With Eärendil it's somewhat more logical that he matures faster than elves - the Man in his family tree is a father, not a grandfather, so he inherits more mannish genes. It makes sense to me that he ends up with a growth pattern that may not be as quick as men, but is significantly faster than elves. Incidentally, this also applies to Dior, who canonically matured at a faster rate than elves as evidenced by him married and having children in his thirties.

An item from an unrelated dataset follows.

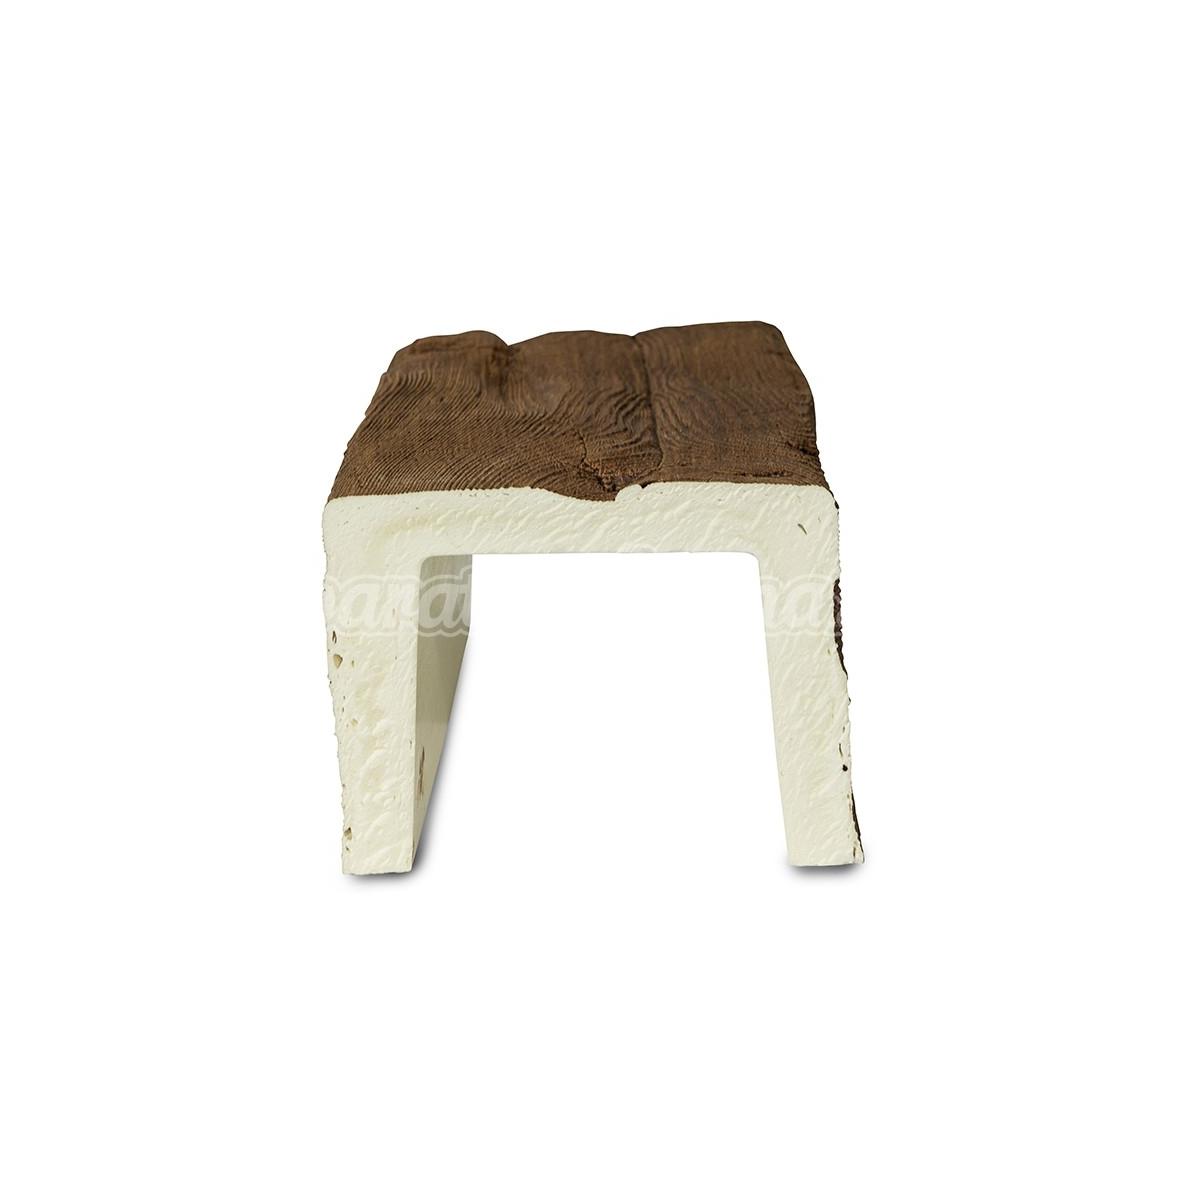 Viga imitación a madera 300x16x13 Grupo Unamacor Vigas imitación madera cuadradas

Also, please note I’m talking strictly about growth/maturity patterns, not mortality. The only one of these half-elves I think would be mortal is Dior, since his parents were both mortal* when he was begotten. But Eärendil and Elwing were both born to elven mothers, making the matter of their mortality a lot more questionable. (And canonically, this is an open question, as Ulmo pointed out- “say unto me: whether is he Eärendil Tuor’s son of the line of Hador, or the son of Idril, Turgon’s daughter, of the Elven-house of Finwë?” The same question can be asked, albeit with different names, for Elwing. And faced with that question, the Valar punted - they had the half-elven themselves decide!)

*Luthien chose Beren’s fate, not his kindred. She was still an elf/maia, just with the singular gift of being able to die a mortal death. I also wonder if she is the only elf who could have been granted such a fate, due to her maiarin heritage - the ainur who entered Arda stay within it, but they are not bound to it in the same sense that the elves are.